Personal information
- Born: 28 May 1966 (age 60) Gifu Prefecture, Japan
- Height: 1.78 m (5 ft 10 in)
- Weight: 80 kg (176 lb; 12 st 8 lb)
- Sporting nationality: Japan
- Spouse: Kyoko Maruya
- Children: 2, including Airi

Career
- Turned professional: 1990
- Current tour: Japan PGA Senior Tour
- Former tours: Japan Golf Tour Japan Challenge Tour
- Professional wins: 18

Number of wins by tour
- Japan Golf Tour: 8
- Other: 10

Best results in major championships
- Masters Tournament: DNP
- PGA Championship: DNP
- U.S. Open: DNP
- The Open Championship: CUT: 1995, 1998, 2002

= Toru Suzuki =

Japanese professional golfer

Toru Suzuki (鈴木 亨, Suzuki Tōru) is a Japanese professional golfer, currently playing on the Japan Golf Tour.

== Early life ==
In 1966, Suzuki was born in Gifu Prefecture.
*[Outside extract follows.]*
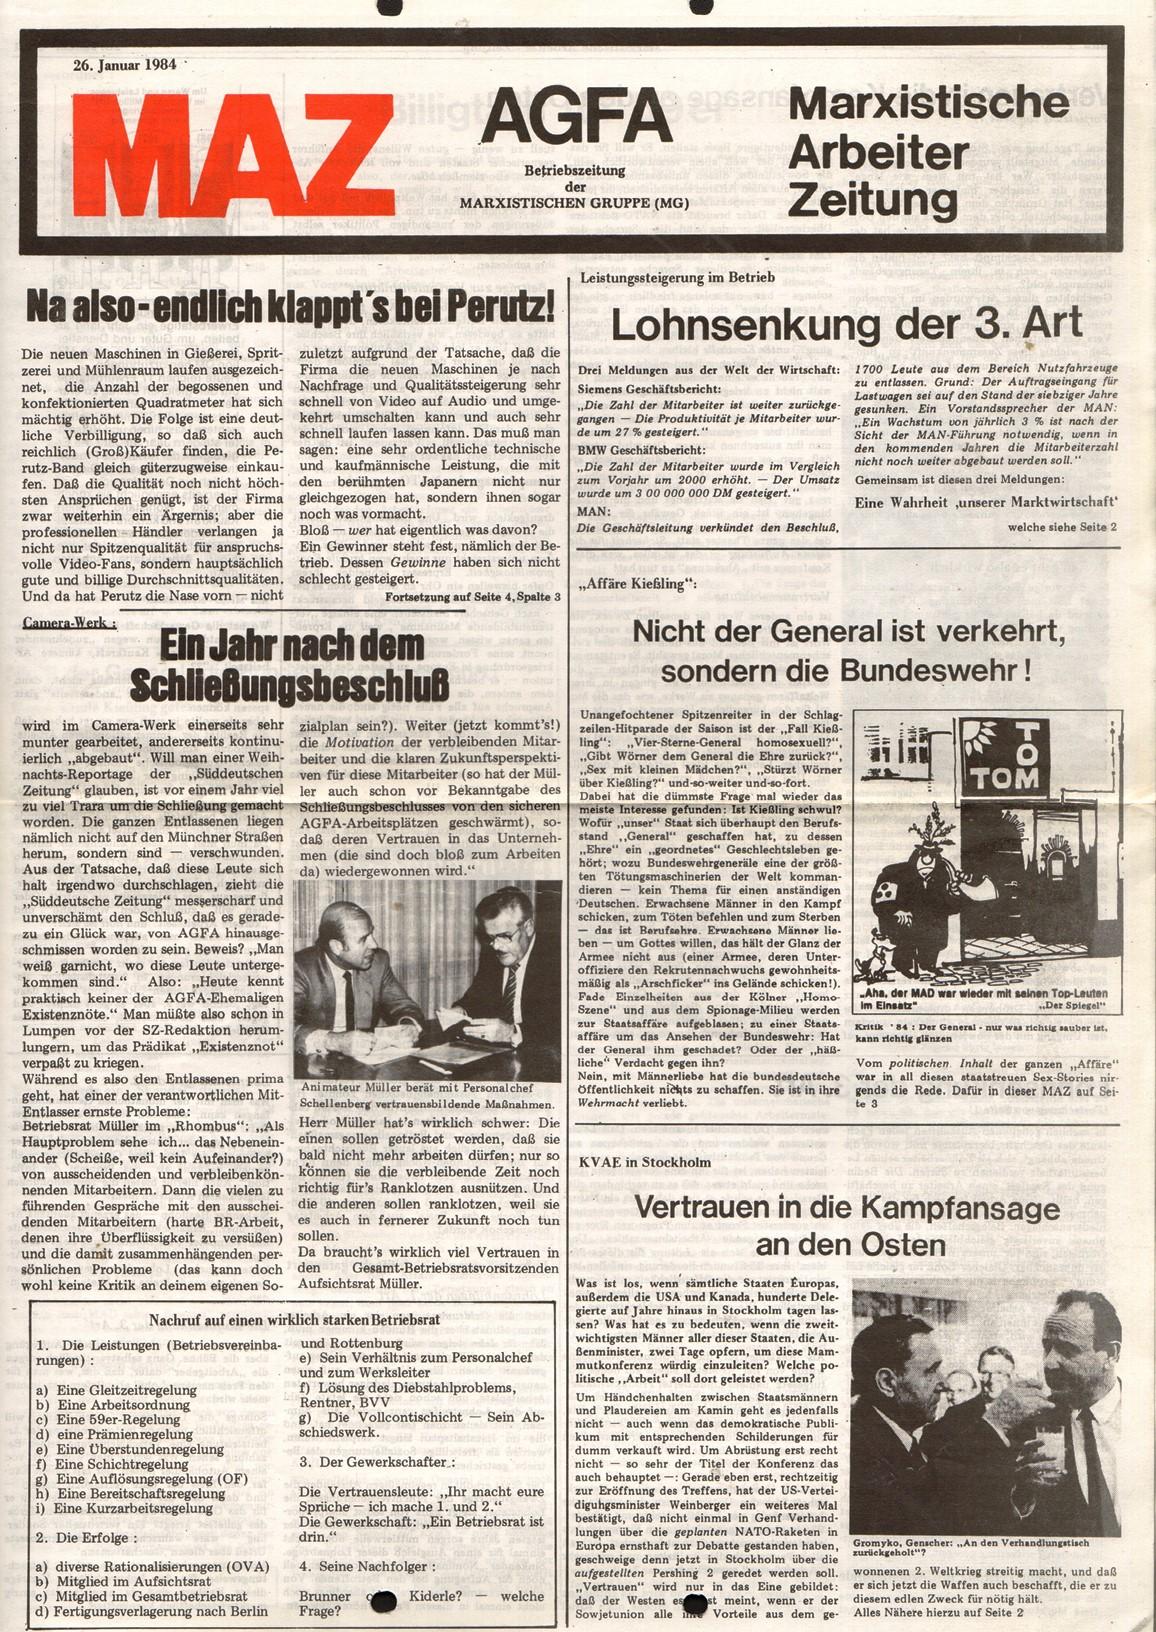 Muenchen_MG_MAZ_AGFA_19840126_01

At the age of 9, Suzuki started playing golf.

== Professional career ==
In 1990, Suzuki turned professional. He won his first title on the Japan Golf Tour in 1993 and would win consistently between then and 2004.

Suzuki qualified for his second major championship in 1998 at The Open Championship after a win in Japan at the Sapporo Tokyu Open. He missed the cut. He also played in the 2002 Open Championship, but missed the 36-hole cut there, too.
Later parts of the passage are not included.